Glyphosate, a herbicide chemical, carcinogenic?

Glyphosate, a herbicide chemical, carcinogenic?

The debate on the carcinogenic effects of glyphosate returns to the scene after the contradictions between the studies of the European Union and those of the World Health Organization (WHO). According to the European body, the results of the available scientific tests do not determine that glyphosate is carcinogenic, mutagenic or toxic. However, the WHO has already labeled this chemical as “possibly carcinogenic”.

The world’s most widely used herbicide in agriculture may or may not be carcinogenic.

Two of the most important international organizations disagree on the possible damages of glyphosate, one of the chemical substances present in most herbicides used for the elimination of weeds and weeds.

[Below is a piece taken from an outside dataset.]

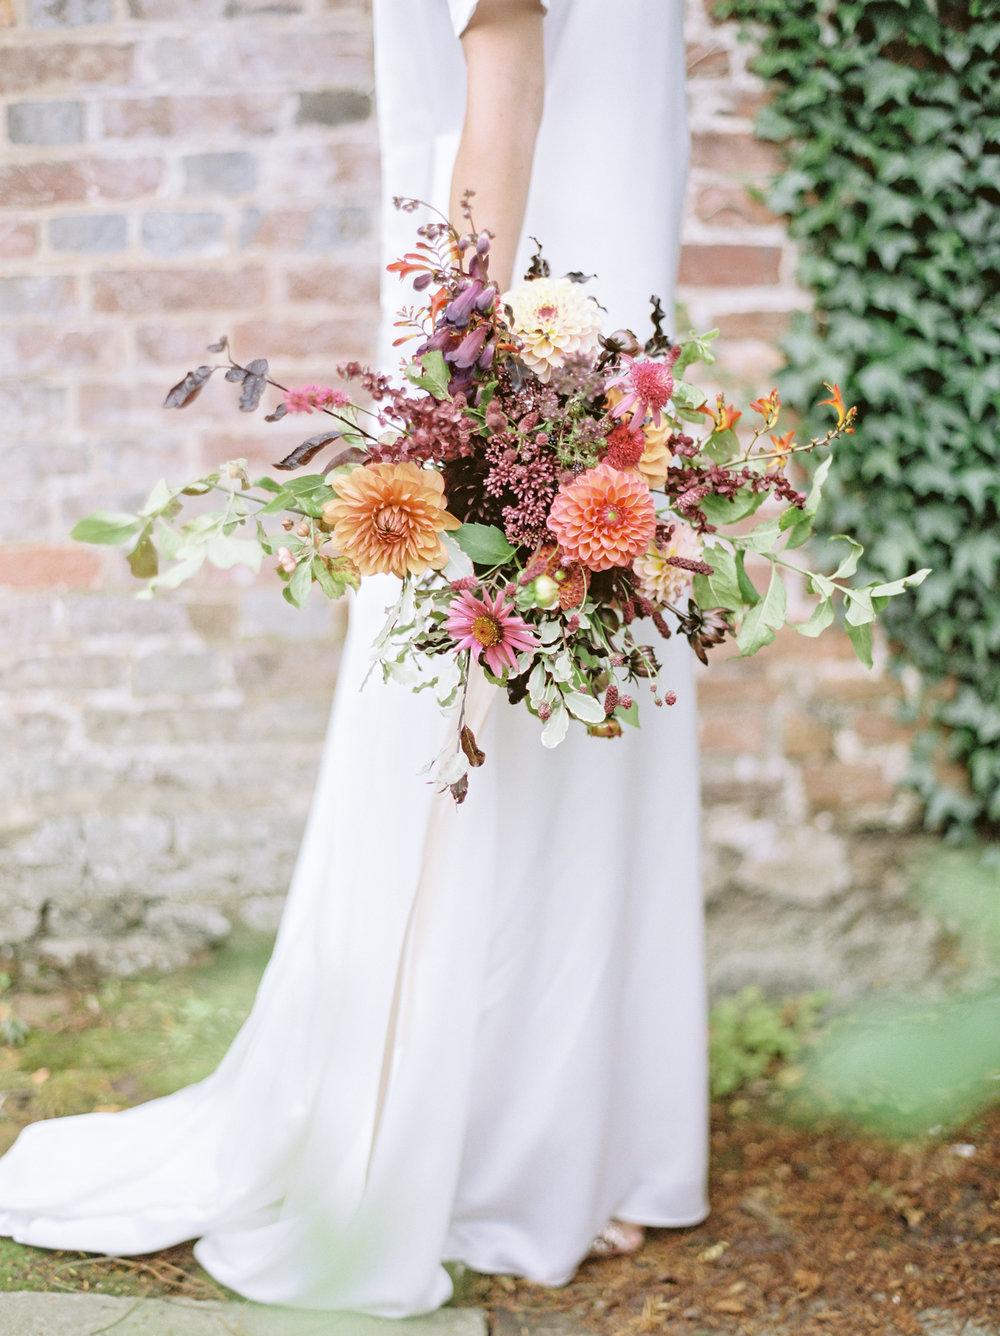 Natural style bridal bouquet

Since 2015, the World Health Organization considers glyphosate as “probably carcinogenic”.

However, just a few weeks ago the European Union, through its Chemical Substances and Mixtures agency (ECHA), assured that it is a “non-carcinogenic” herbicide: “The ECHA Risk Assessment Committee has concluded that Available scientific evidence does not meet the criteria for classifying glyphosate as carcinogenic, mutagenic, or toxic to reproduction.

” The new ECHA opinion must be ratified by the European Commission, which will study it at the end of this year and will be in charge of authorizing glyphosate in pesticides. Currently this chemical appears in products such as cotton, gauze and tampons; in foods like wine, beer, or honey; in natural areas such as the Paraná river basin; or even in people who have been exposed to fumigation for a long period of time.

After detecting the increase in the presence of glyphosate, the Cancer Research Agency began a study that concluded that contact with this herbicide is related to the appearance of non-Hodgkin lymphoma, the development of cancer cells and DNA damage.

The research of the Agency for Research on Cancer has been ratified by other organizations, such as the Network of Doctors of Fumigated Peoples, and environmental NGOs such as Ecologists in Action and Friends of the Earth.

ECHA’s decision has received several criticisms from the European states themselves. France’s ecology minister recalled that glyphosate is the “first source of contamination” for French rivers. Spain spoke out about this herbicide just a year ago with the re-approval of its use.

In our country, glyphosate is one of the most used chemicals in agricultural crops, due to its low cost, and in public spaces such as gardens, parks, lots and ditches for weed control.